CJ reduced the orofacial nociceptive behavior induced by cinnamaldehyde (TRPA1 agonist). To assess whether CJ was modulating the TRPA1 channel, the antagonist of the TRPA1 channel (HC-030031) was administered before CJ and the blocking of the orofacial antinociceptive effect promoted by CJ was verified. This result suggests the participation of the TRPA1 channel in the orofacial antinociceptive effect of CJ.

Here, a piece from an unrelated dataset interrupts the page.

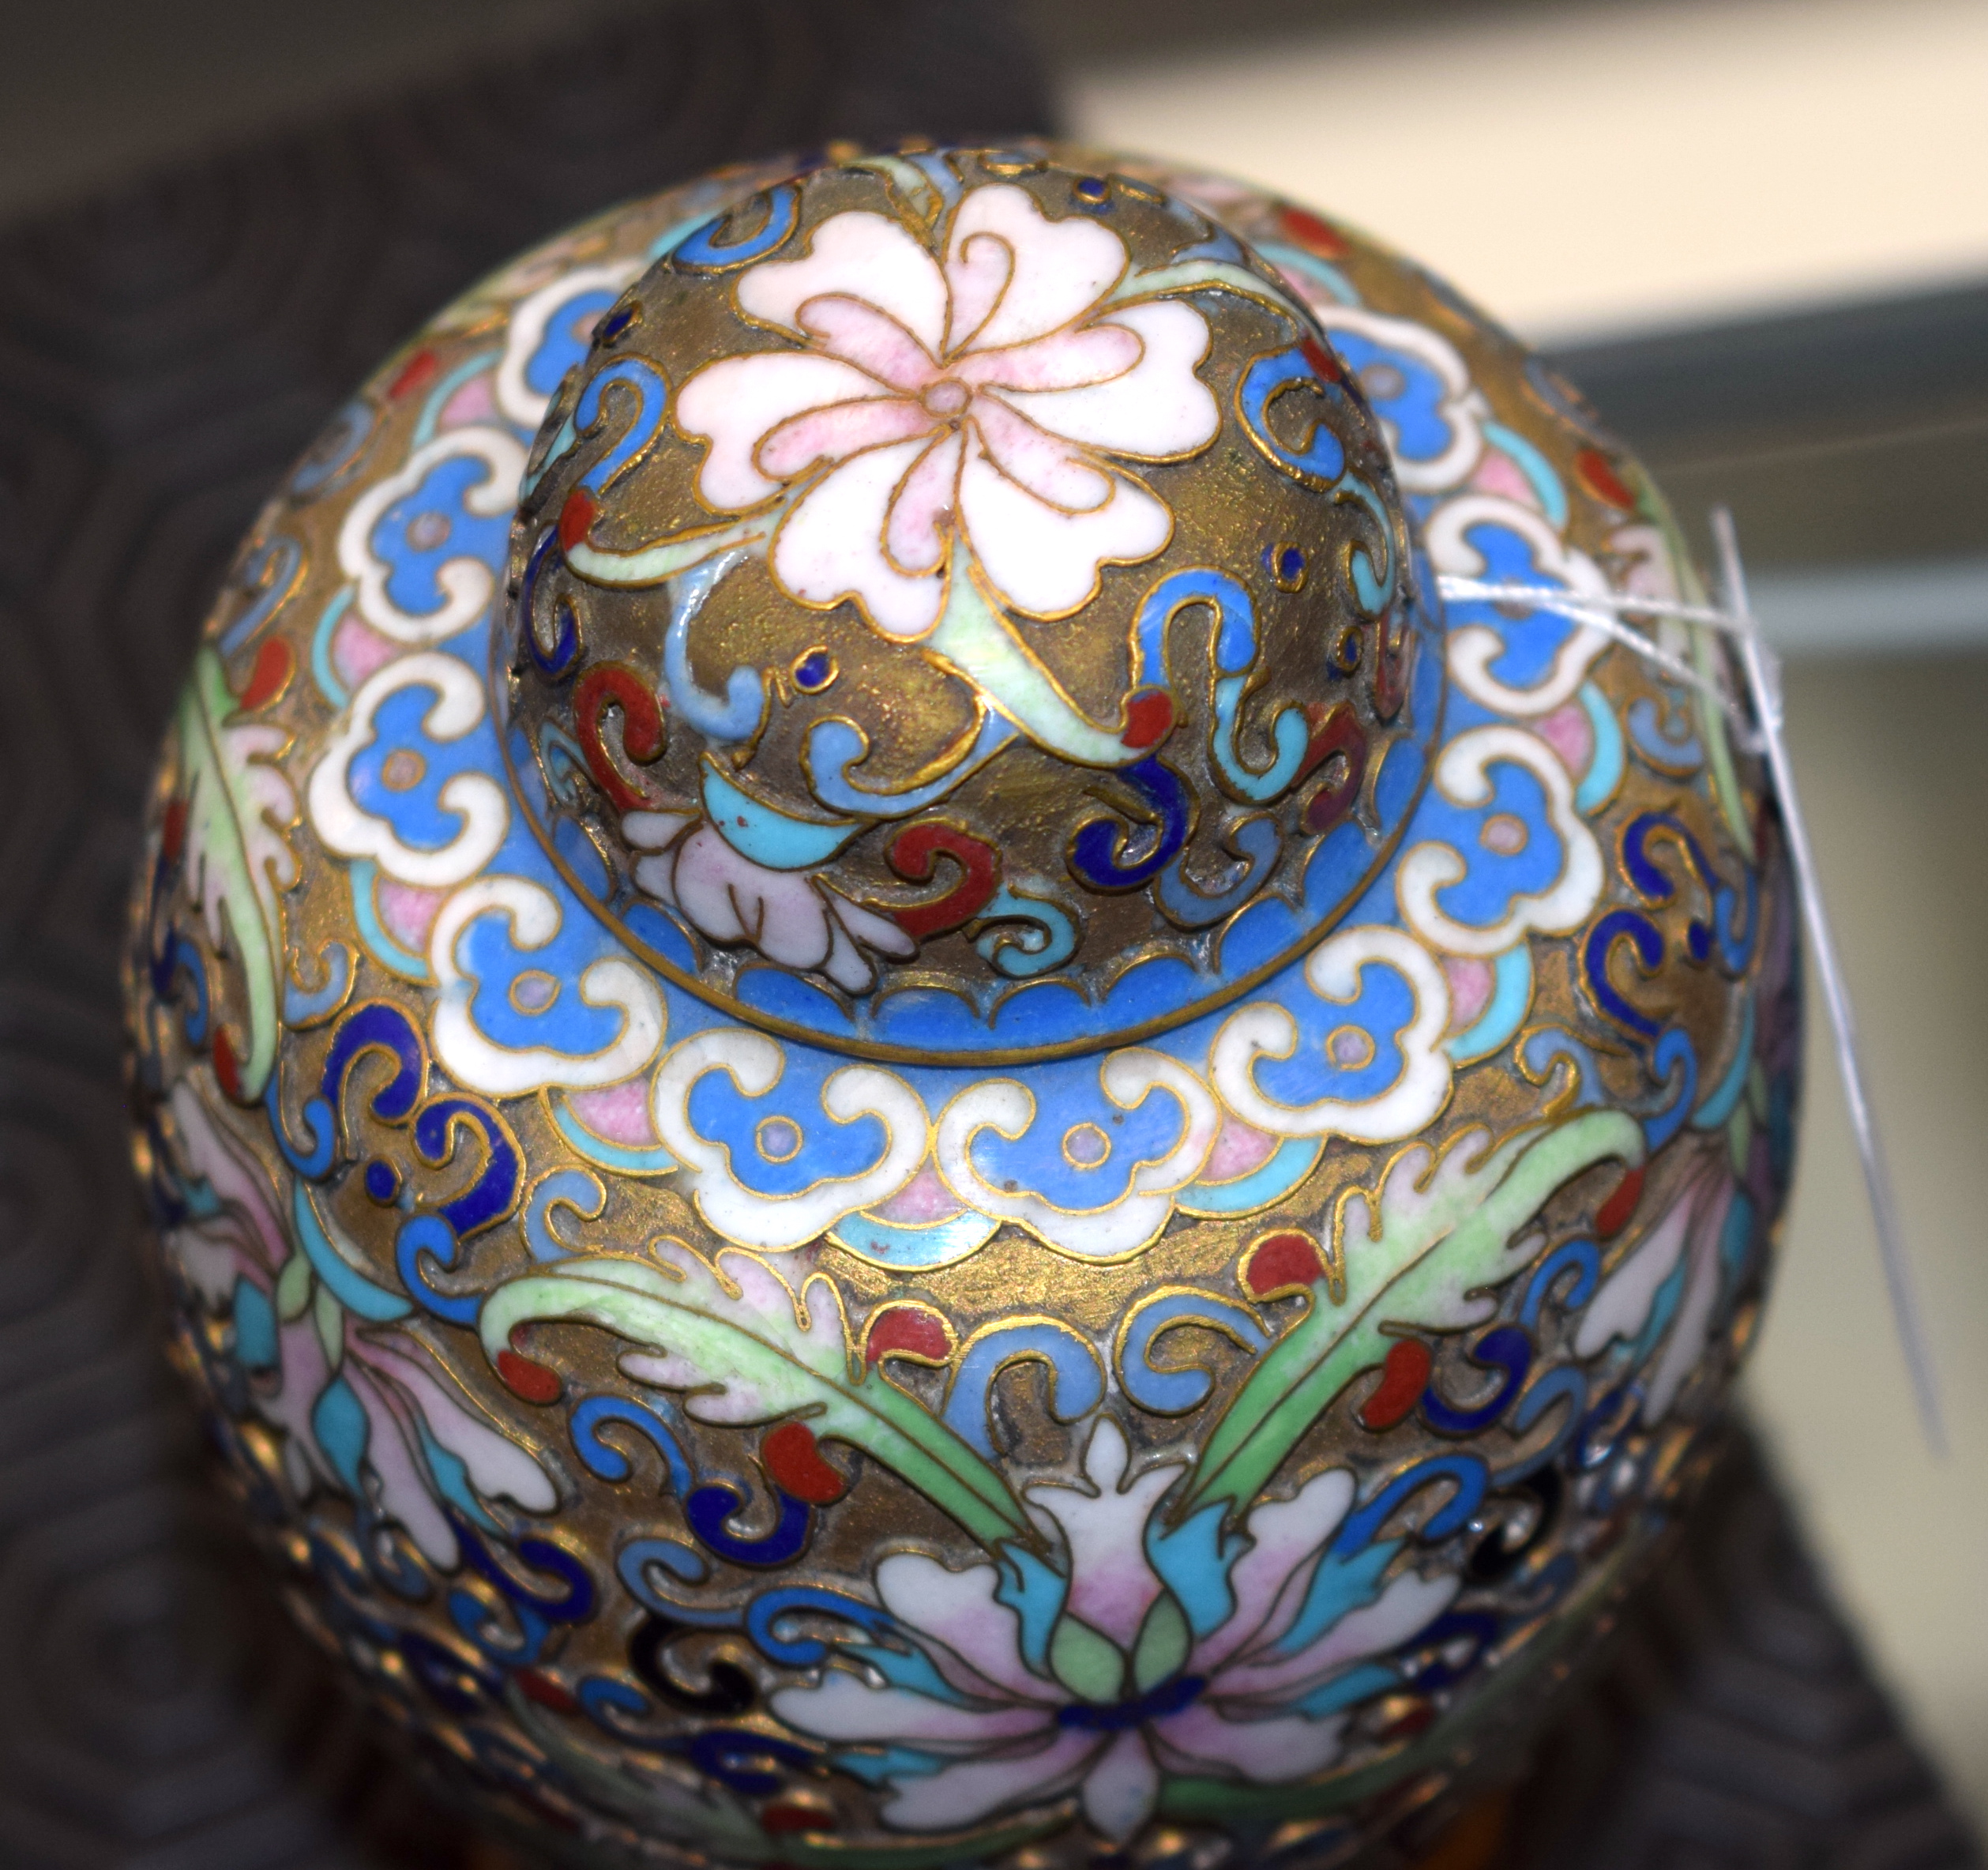 AN EARLY 20TH CENTURY CHINESE CLOISONNE ENAMEL VASE AND COVER together with a Peking style vase. La - Image 10 of 10

In this study, all tested concentrations of CJ reduced the orofacial nociceptive effect induced by capsaicin and this effect was prevented by pretreatment with the TRPV1 channel antagonist, capsazepine, indicating that CJ could also act by modulating the TRPV1 channel. As the most significant effect of the lowest concentration studied was verified in the capsaicin test, it was decided to evaluate the participation of the TRPV1 channel in the orofacial antinociceptive effect of CJ, since TRPV1 and TRPA1 are co-expressed in neurons of the dorsal root ganglion in zebrafish [30]. These findings are reinforced by the inhibition of TRPV1 gene expression by CJ. Some studies claim that these channels can interact to influence each otherʼs properties. In this sense, the recently reported heteromerization between TRP channels is suggestive of the interaction mechanism [30]. It was also found that CJ inhibited the orofacial nociception induced by menthol, glutamate, and acid saline, indicating a possible action on TRPM8, NMDA and ASIC receptors.

Ho, Ward, and Calkins [31] addressed the association between the TRPV1 and TRPA1 genotypes with a human phenotype of capsaicin-induced hyperalgesia to thermal stimuli. The results were biologically plausible and adequate to demonstrate the function of the TRPA1 and TRPV1 channels. When evaluating relative gene expression, we found that CJ inhibited TRPA1 expression in the adult zebrafish brain, providing further evidence that CJ modulates the TRPA1 channel.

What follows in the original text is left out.